No, they are definitely overpriced. But it’s impossible to know the doctor’s profit margins on retail boot sales. So I see no evidence to blame his pricing policy. Perhaps his markup is excessive, but it’s equally possible that his retail profits are slim and your money actually ends up in other hands.
This wonderful encouragement of horse trading is how our elected representatives want to pay for health care. It’s certainly not a system dreamed up by the orthopedic surgeon you’ve targeted. You want to point a finger, then point it at voters.
The US system is great for patients who want doctors to try everything that might possibly help them, even a little.
To take a random example, consider the treatment of glioblastoma. This is the uniformly fatal brain tumor that killed John McCain. In the US, about 70% of patients receive surgery+chemo+radiation and only 1% go untreated. In Taiwan, only 50% of patients receive surgery+chemo+radiation and 10% go untreated. And in the US, treatment options include newer chemo agents that aren’t available in Taiwan.

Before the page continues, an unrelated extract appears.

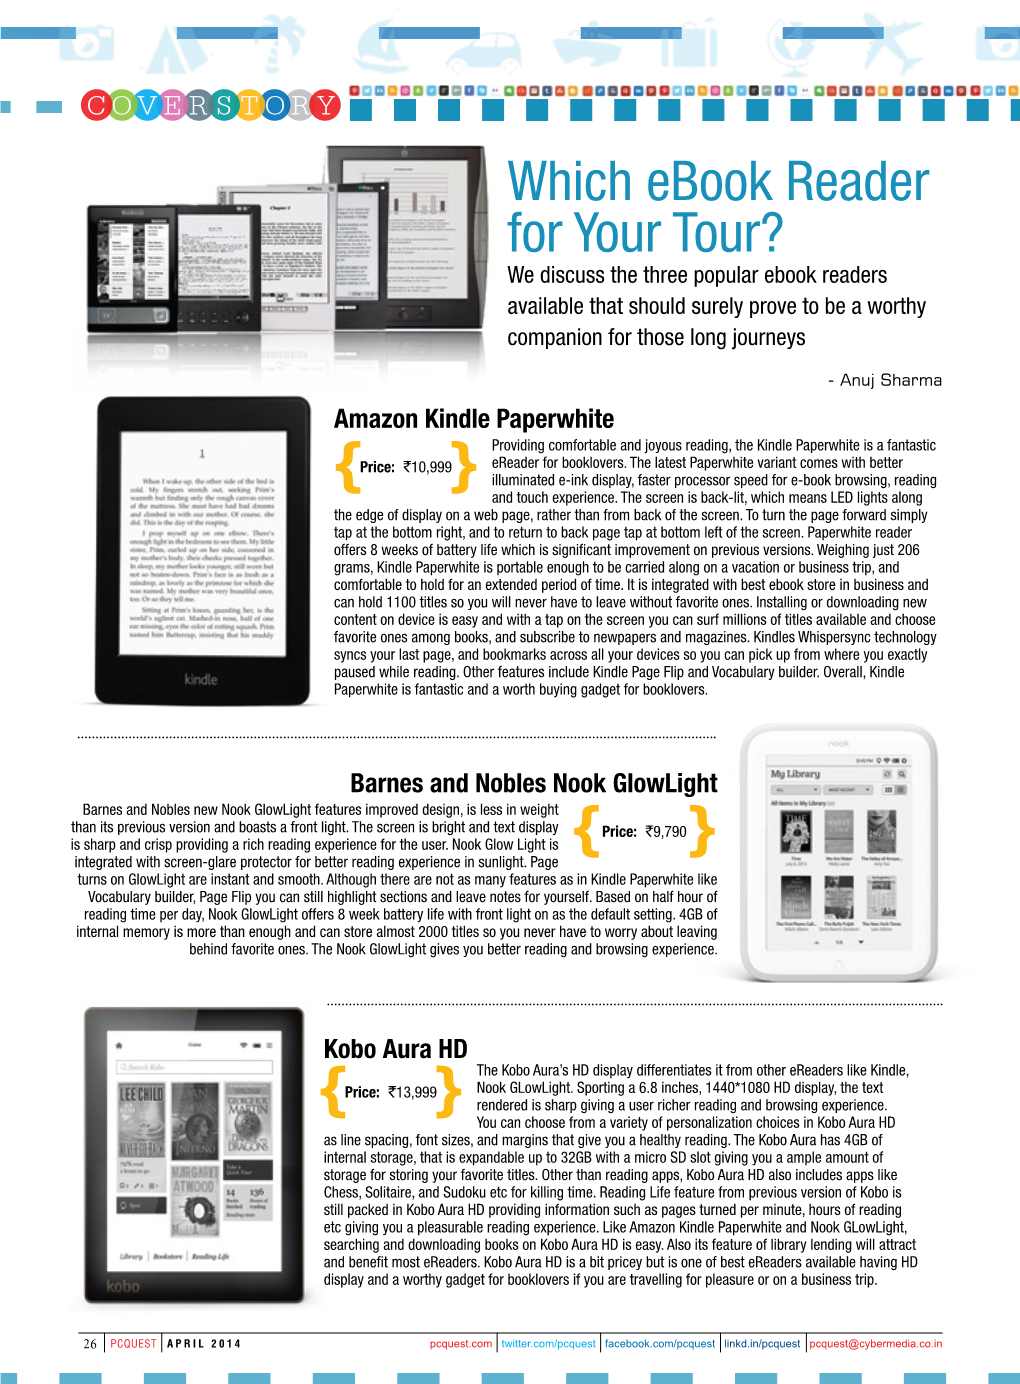 Which Ebook Reader for Your Tour? We Discuss the Three Popular Ebook Readers Available That Should Surely Prove to Be a Worthy Companion for Those Long Journeys
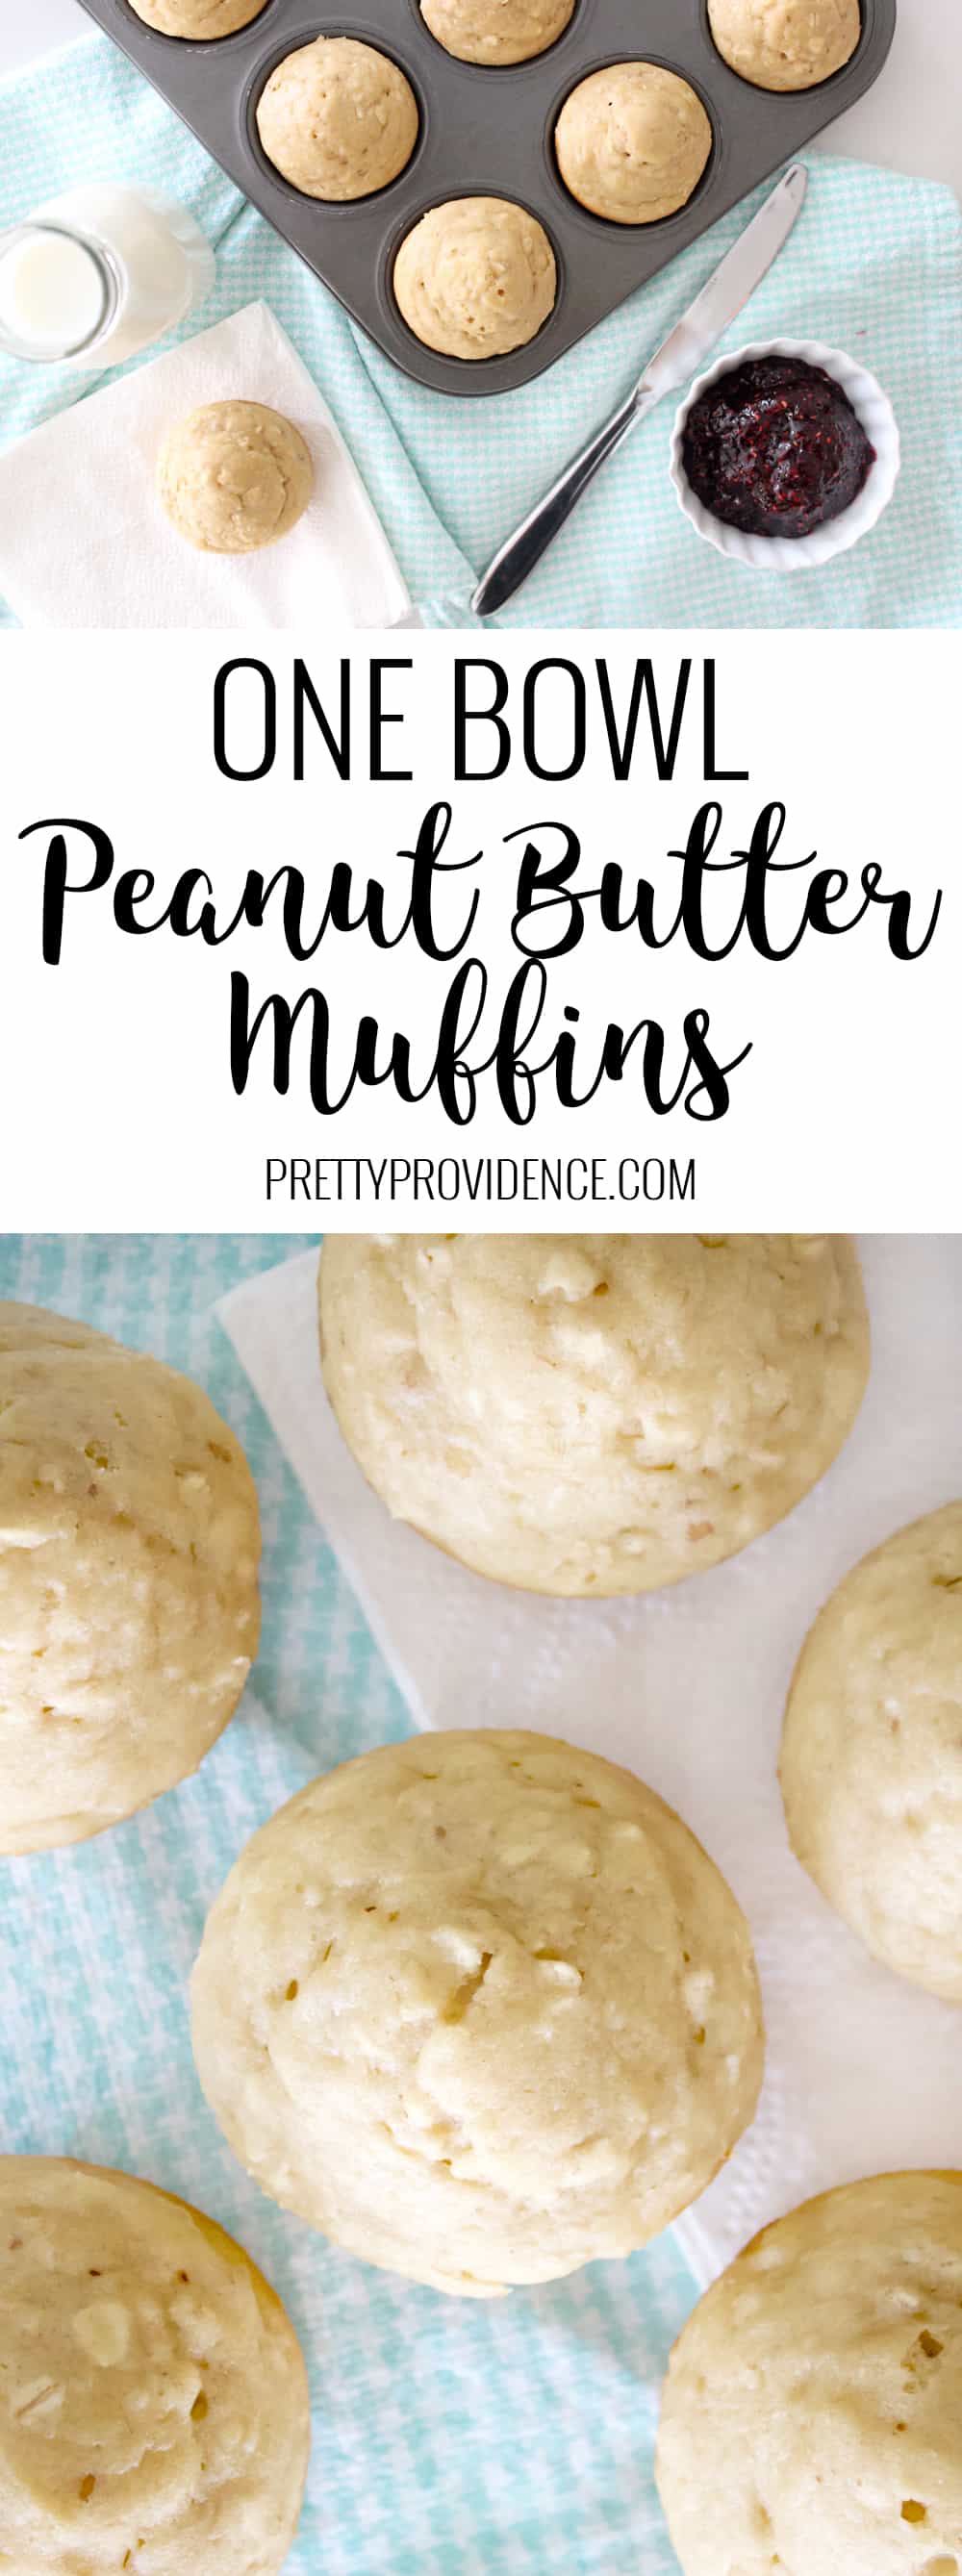 Easy and delicious peanut butter muffins! These beauties only take 15 minutes to whip up and they are sure to please any palate!

Patients who undergo surgery or get the latest drug might live a little bit longer, but the disease is terminal regardless. And glioblastoma patients are usually elderly to begin with, a few extra months of life is lost in statistical noise when you look at the overall health of Americans and Taiwanese.
Neurosurgery (often multiple rounds) and the latest drugs are very, very expensive. So is it worth spending a lot of money to buy just a little extra time? Your answer likely depends on whether you live in the US or Taiwan.
EDIT: Another example just popped into mind. In the US, annual screening mammograms are recommended for women as young as 40. In France and Germany, mammography is recommended biennially, starting at 50. In the UK, it’s every three years for women over 50.
Who is right? Depends on whether or not your goal is to detect as many cases of breast cancer as possible. Because the last one you detect will be far more costly than the first one.